[ExI] heaves a long broken psi.

John Clark jonkc at bellsouth.net
Mon Jan 25 15:29:03 UTC 2010


On Jan 24, 2010, Damien Broderick wrote:

> Do you really suppose that parapsychologists with PhDs and professorships in statistics or physics have never noticed the elementary facts you're pointing at? 

Yep I do. Far better scientists than them (nobody would go into parapsychology if they could make it in any other field) have been fooled by statistics and found things that weren't there, and this was in looking at GOOD data sets.

> The whole point of using statistics in science is that with sufficient data points, random correlations can be disambiguated from the non-random.
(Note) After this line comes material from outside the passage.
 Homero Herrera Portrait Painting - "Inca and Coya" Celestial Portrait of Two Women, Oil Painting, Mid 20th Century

I can't emphasize enough that it is pointless to use sophisticated mathematics to analyze data to find patterns if you have absolutely no reason to think that the data you're looking at is any good.

> I've had a lot of this [anecdotal stories] directly from the scientists and military personnel in the now disbanded STAR GATE program, and it's hair-raising stuff. 
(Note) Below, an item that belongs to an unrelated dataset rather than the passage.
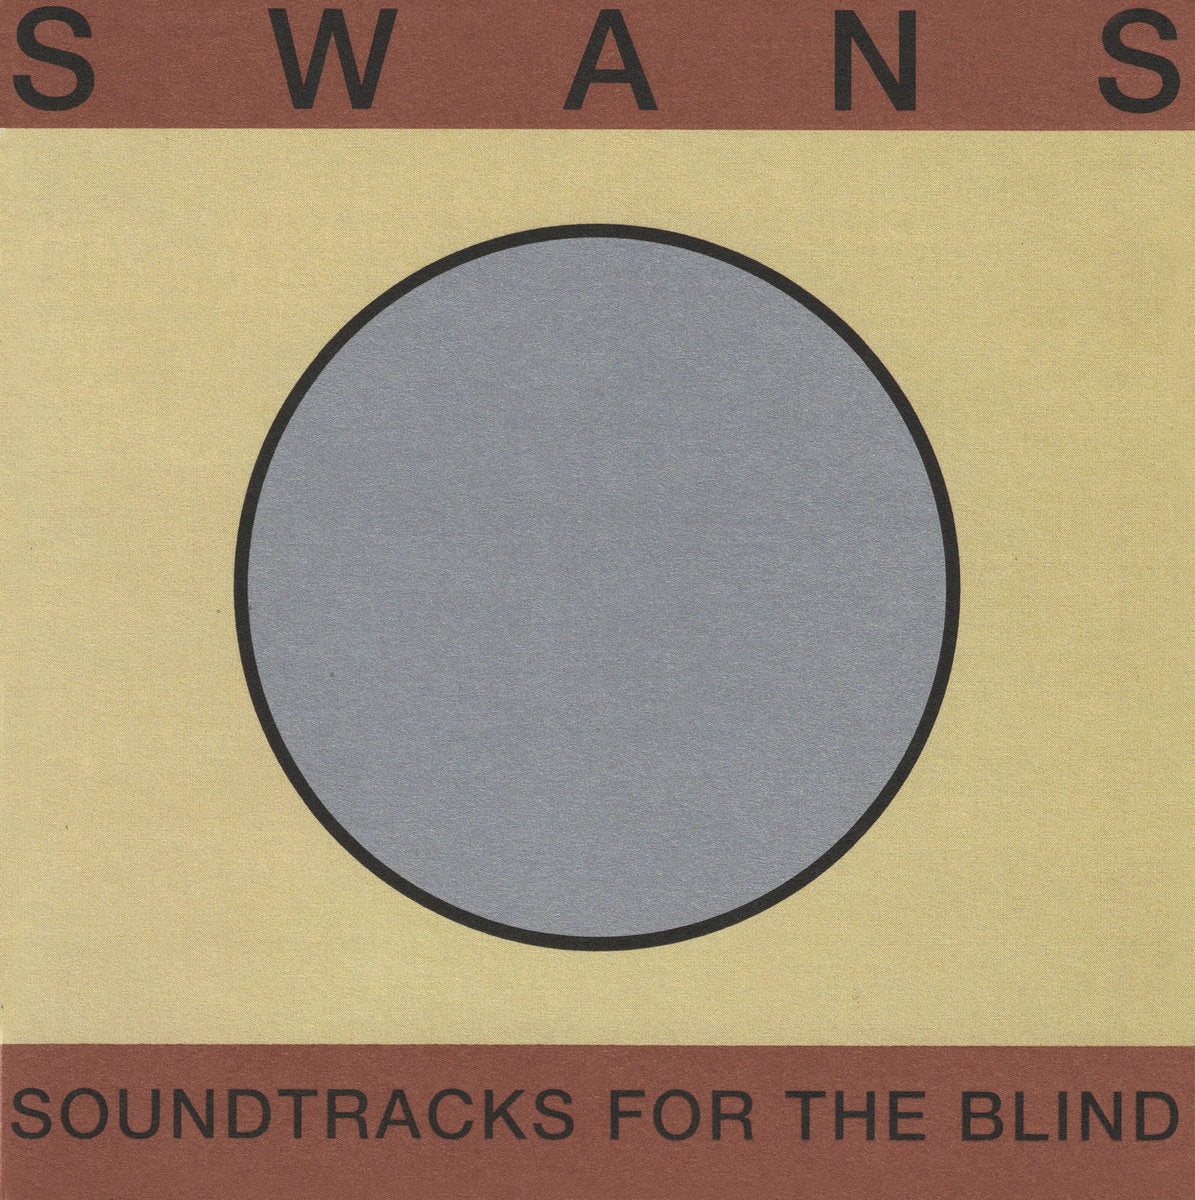 SWANS "Soundtracks For The Blind" 4xLP
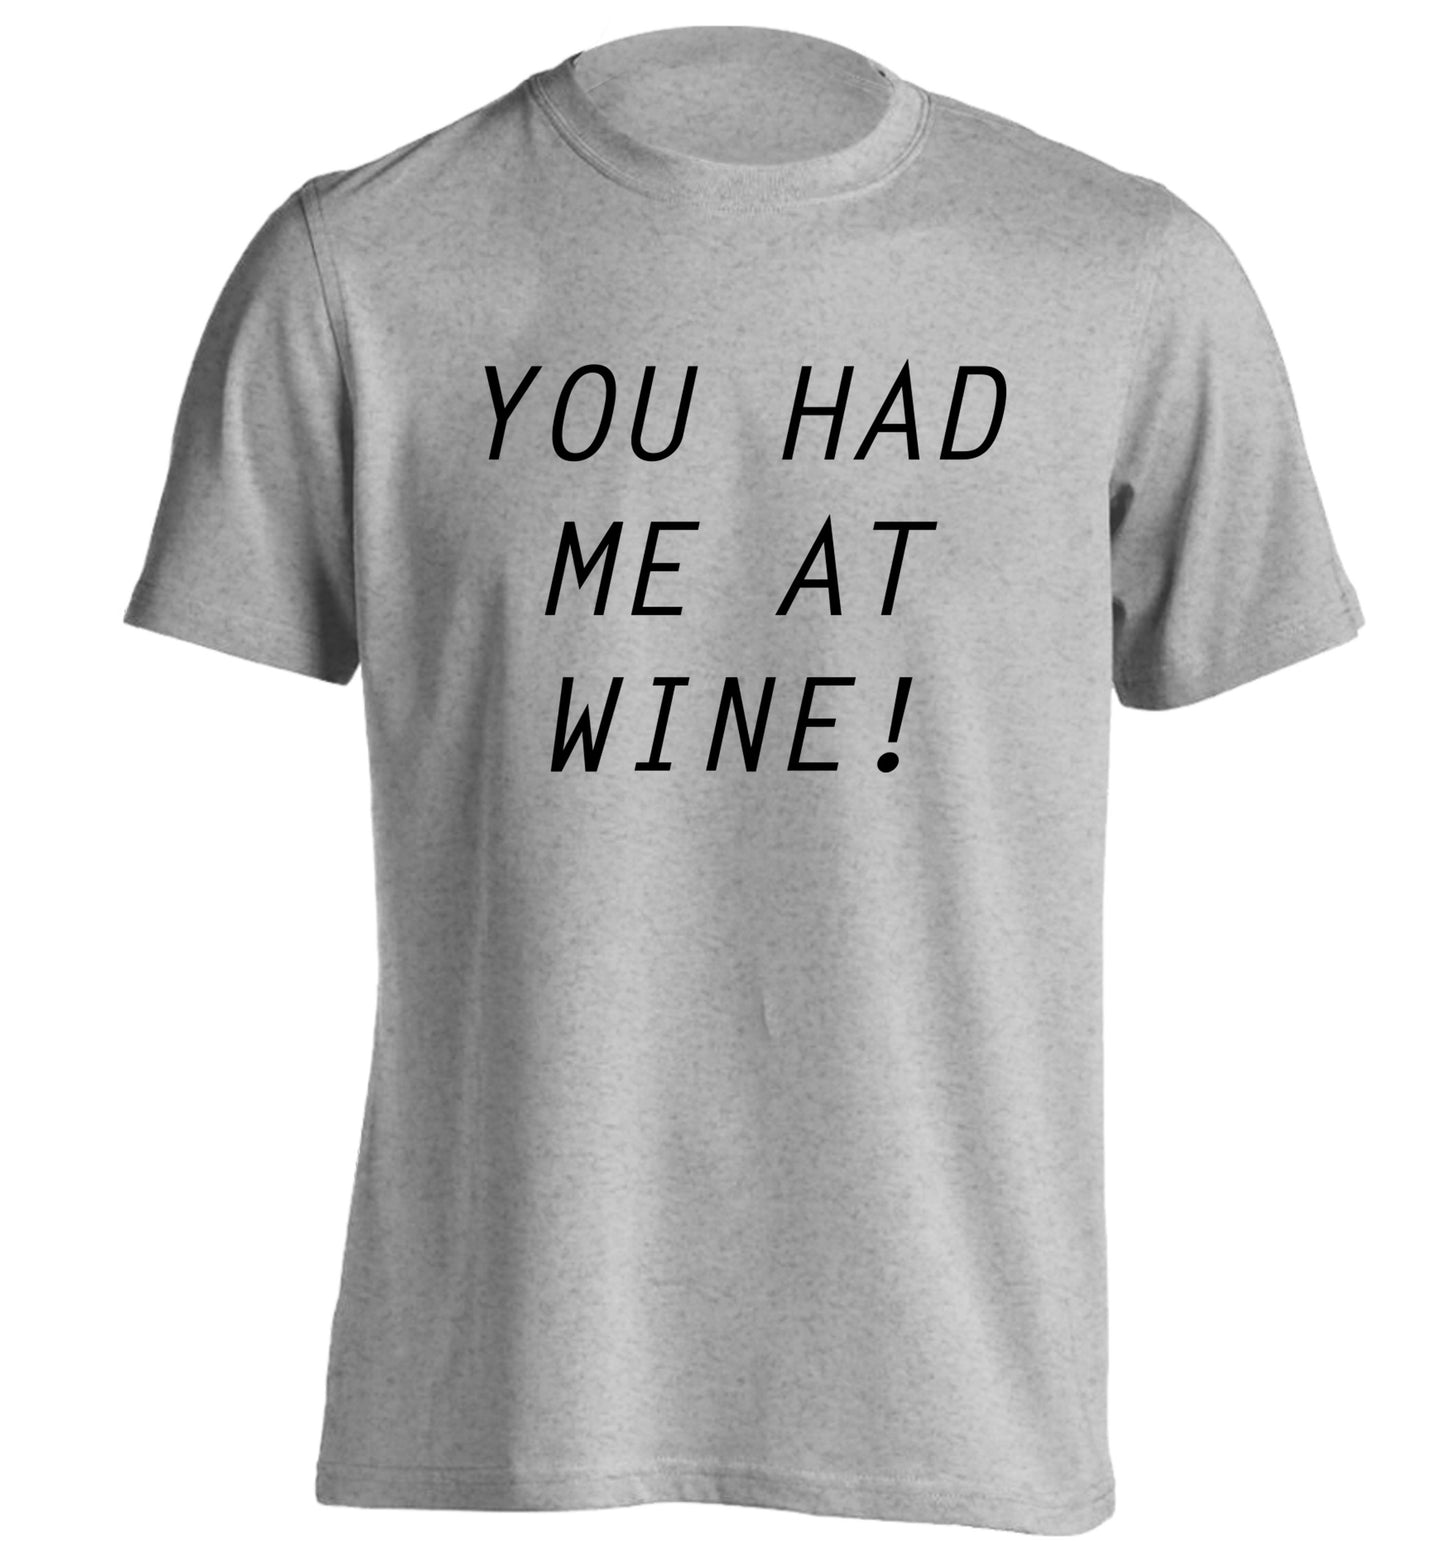 You had me at wine adults unisex grey Tshirt 2XL

Physicist Richard Feynman had an interesting psi story. One day when he was a teenager in college and away from home for the first time he suddenly got an overwhelming feeling that his grandmother had died. The feeling was so strong that he made a telephone call home, and long distance calls were rare and expensive then. It turns out that grandma was just fine. Of course Feynman was an odd man, most people don't like to tell those type of psi stories, they prefer the other kind.

> "So why aren't they rich? Why was STAR GATE shut down?" Because psi is unreliable and skittish. 

We are supposed to believe that psi is too unreliable and skittish for the scientific method to detect, and this grotesque situation has been going on for century after century; but we are also supposed to believe that psi is not too unreliable and skittish for third rate mystics and first rate charlatans to discover it. And if you believe that then there's this bridge I'd like to sell you.